___ Information shown ___

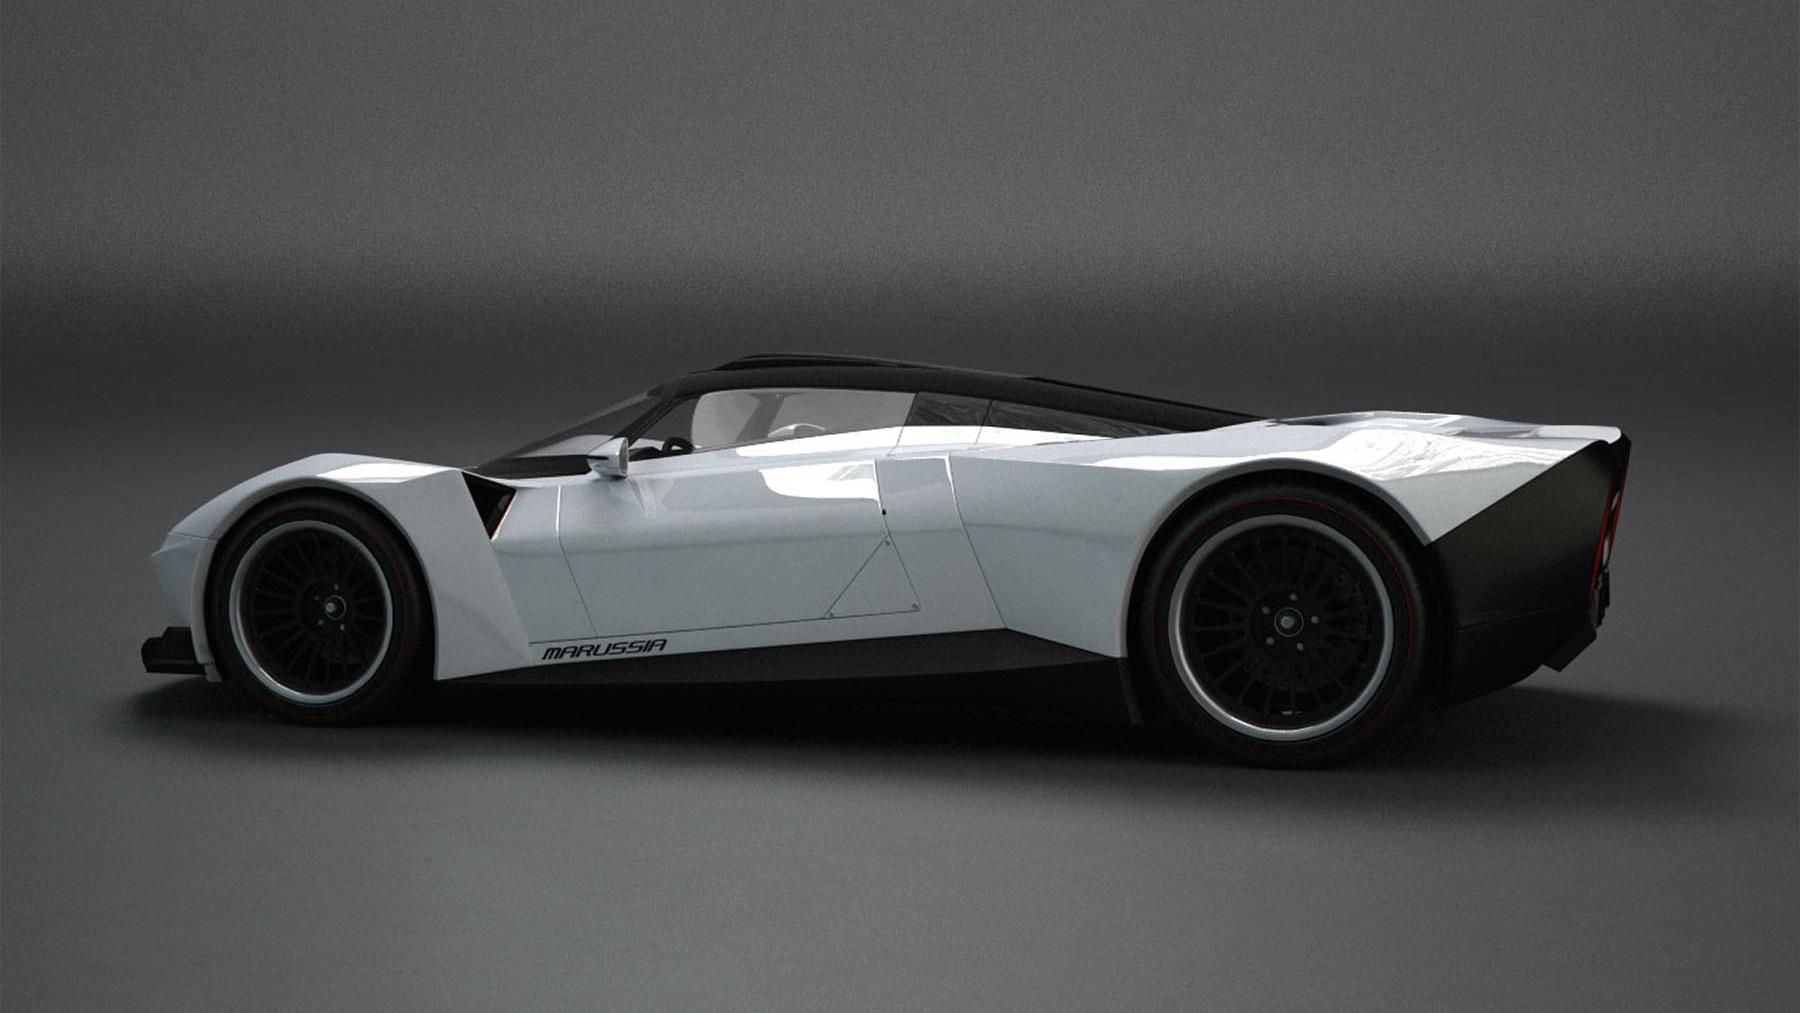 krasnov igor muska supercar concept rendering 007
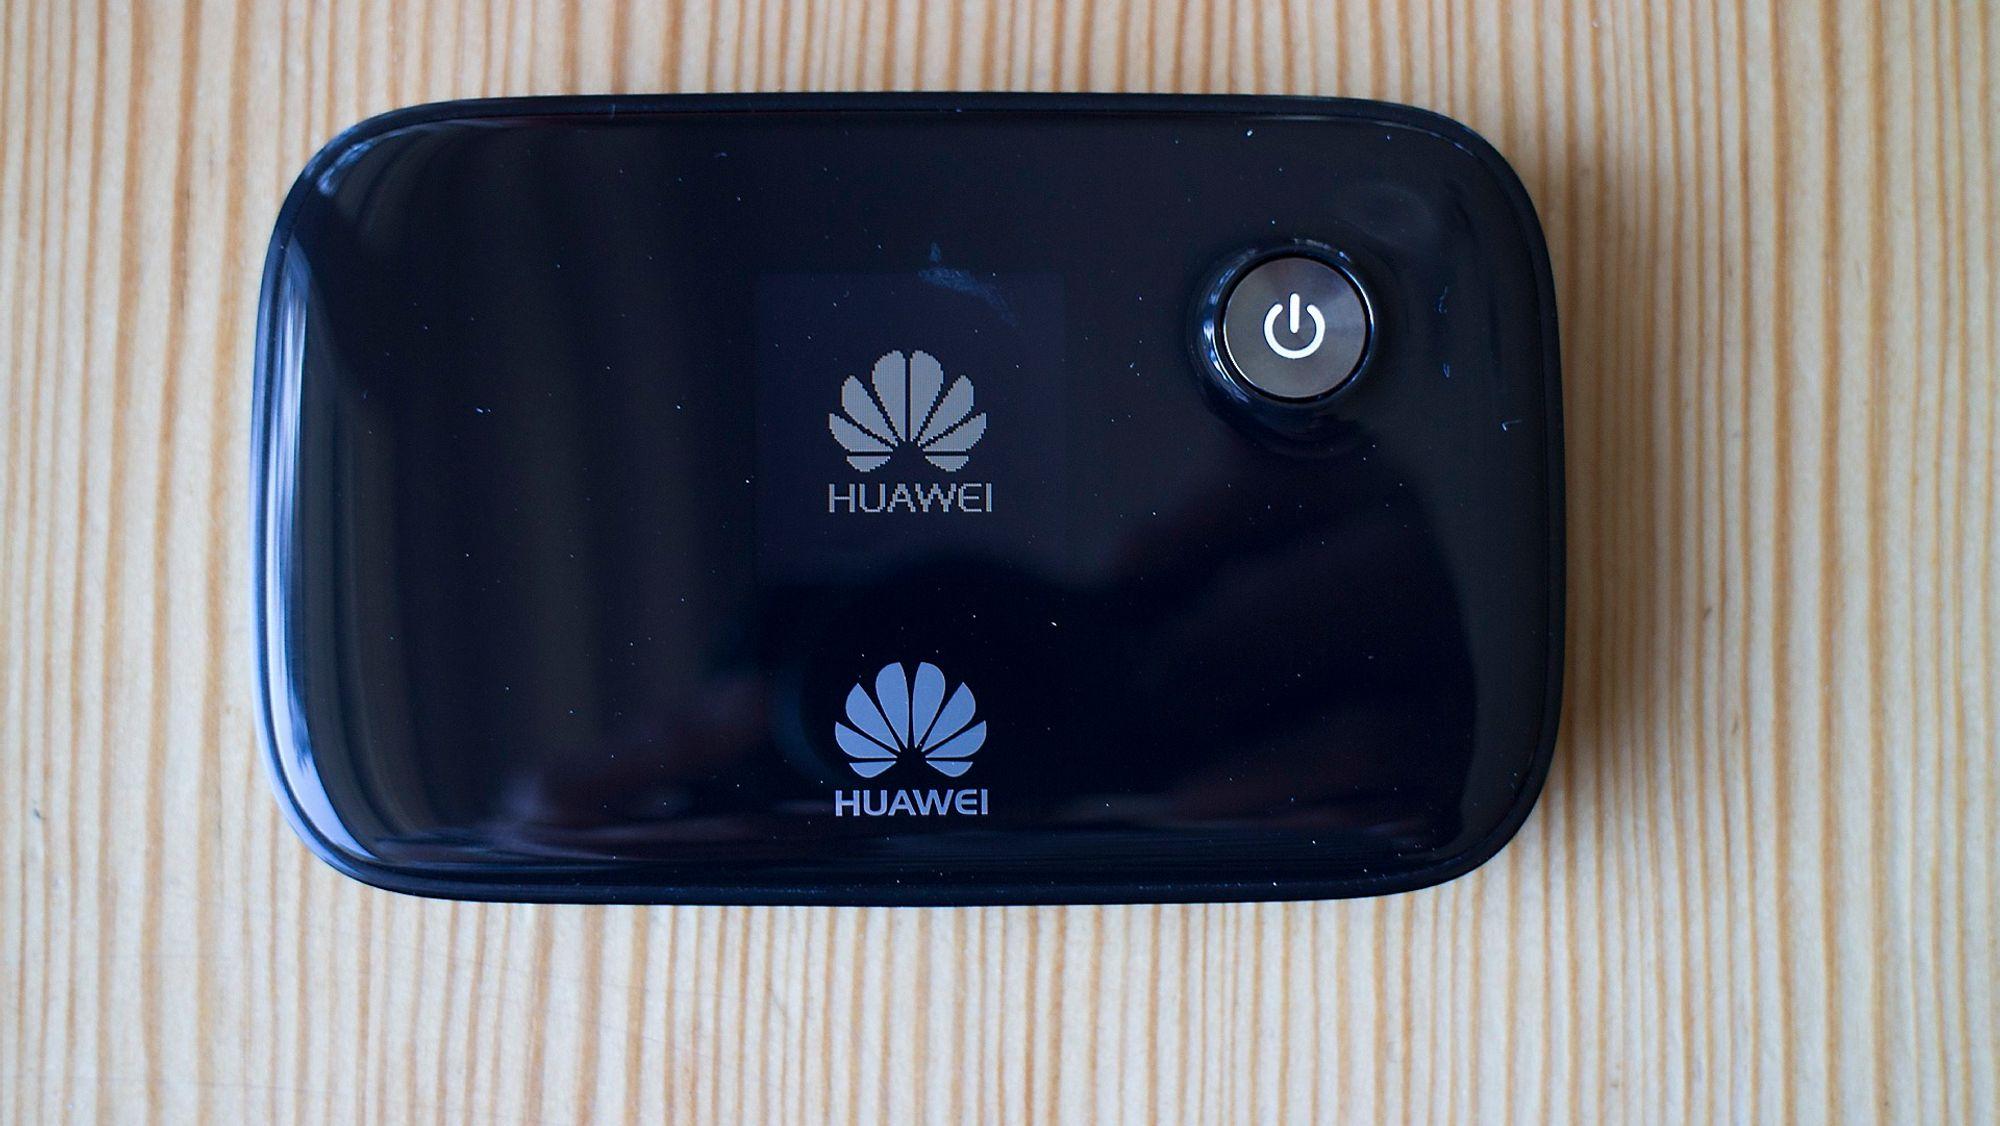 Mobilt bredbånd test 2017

___
___ Information shown ___

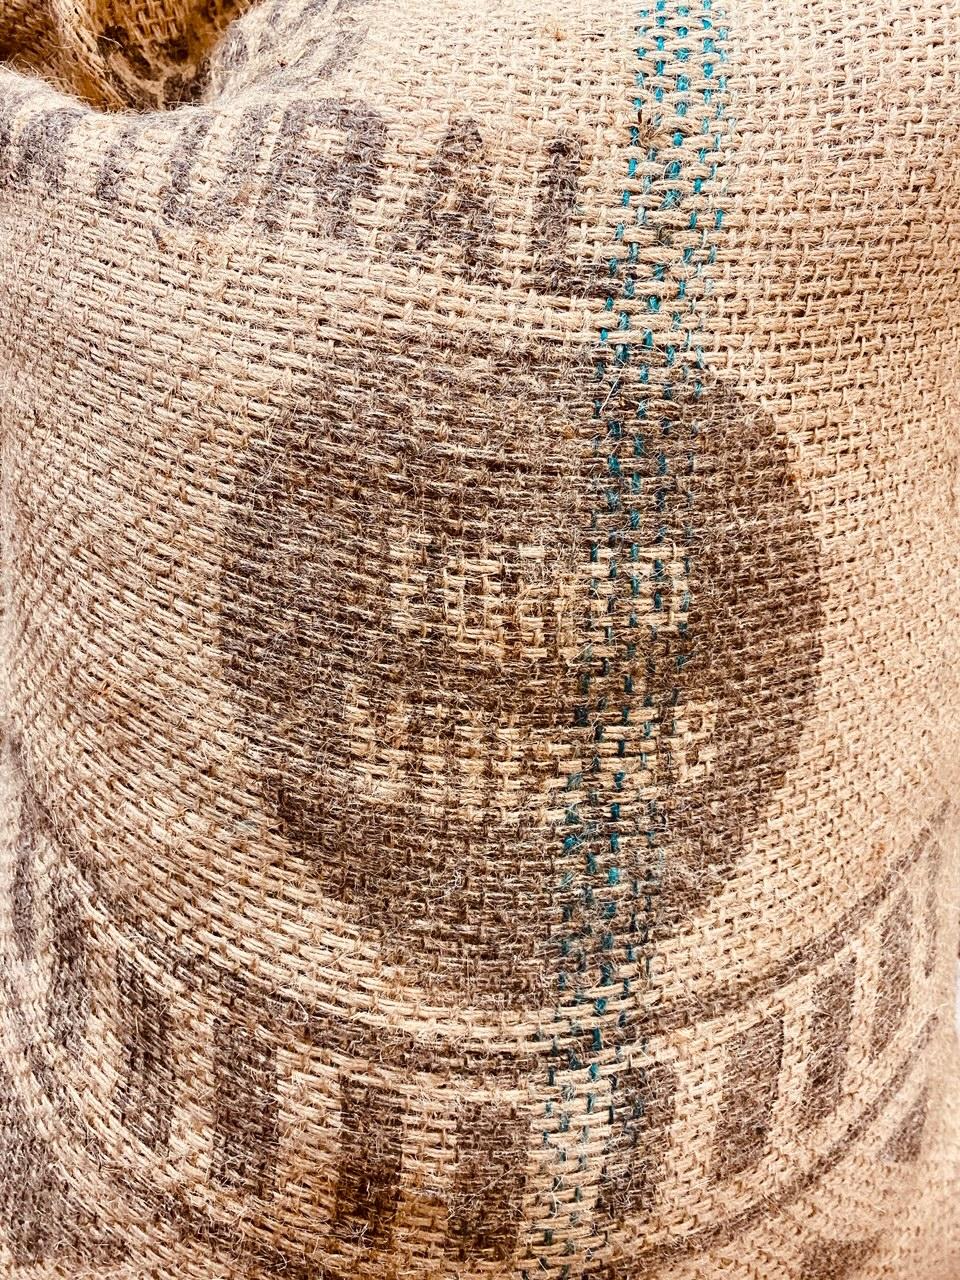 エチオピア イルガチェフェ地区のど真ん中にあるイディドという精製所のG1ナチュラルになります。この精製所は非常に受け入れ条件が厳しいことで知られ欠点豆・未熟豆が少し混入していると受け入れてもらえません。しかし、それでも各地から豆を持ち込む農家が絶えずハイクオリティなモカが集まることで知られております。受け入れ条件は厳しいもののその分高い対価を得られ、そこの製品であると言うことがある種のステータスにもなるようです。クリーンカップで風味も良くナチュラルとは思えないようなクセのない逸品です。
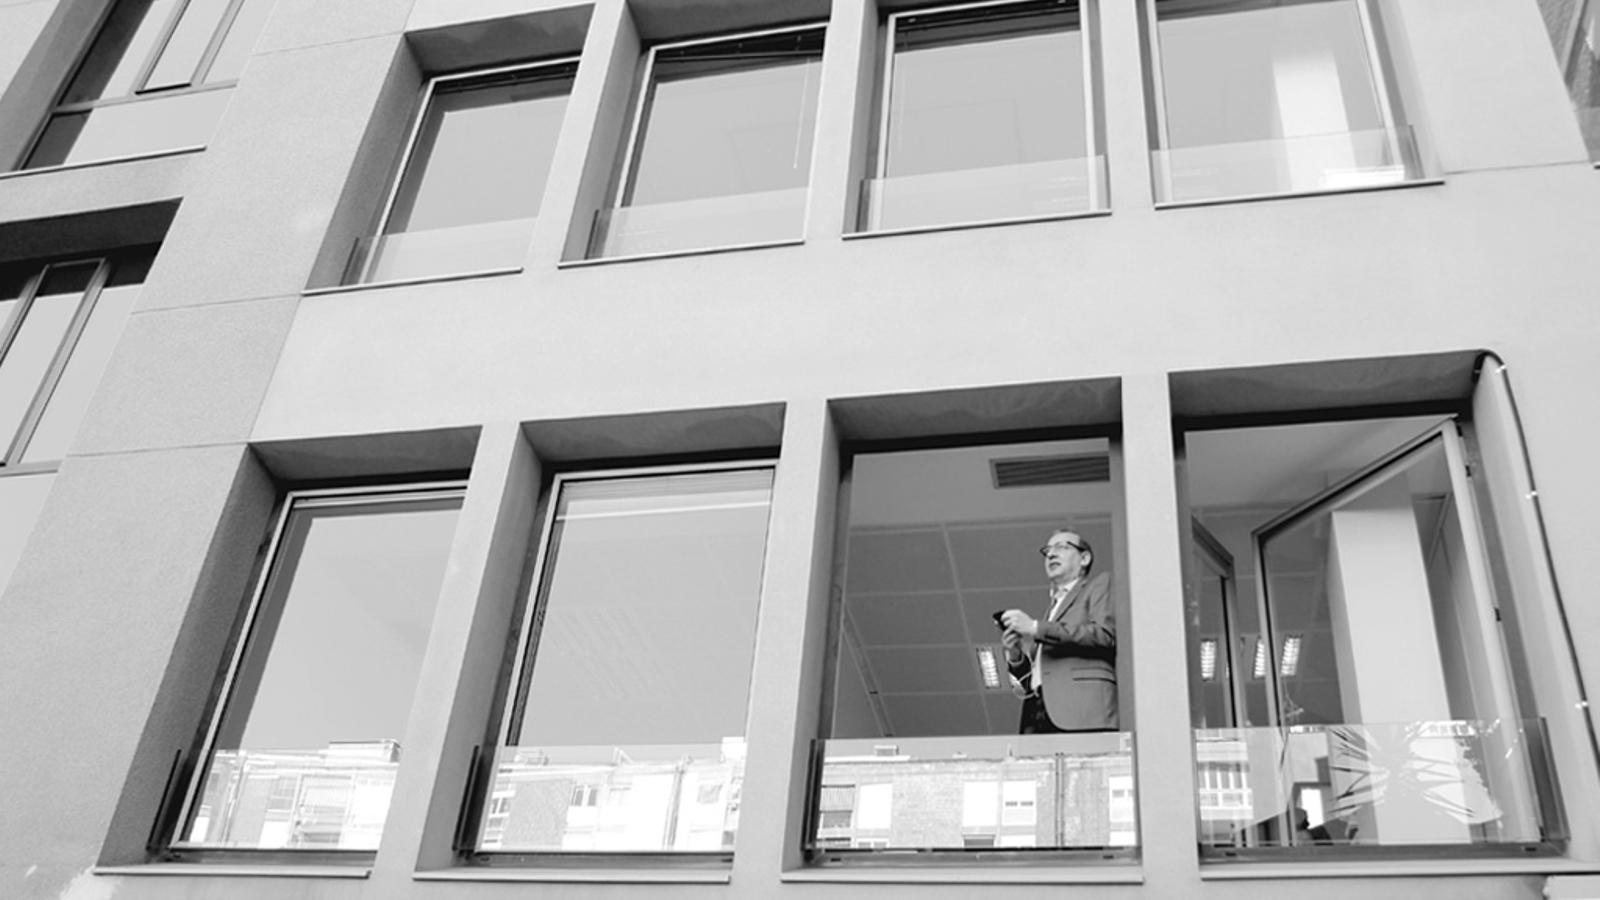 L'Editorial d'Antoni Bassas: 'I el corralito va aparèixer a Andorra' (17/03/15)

___

Try it: Using the listing above, repeat word for word each line from the one with "krasnov igor muska" down to the one with "Mobilt bredbånd test 2017", both included. Omit all pictures.

Written response:
 krasnov igor muska supercar concept rendering 007
 Mobilt bredbånd test 2017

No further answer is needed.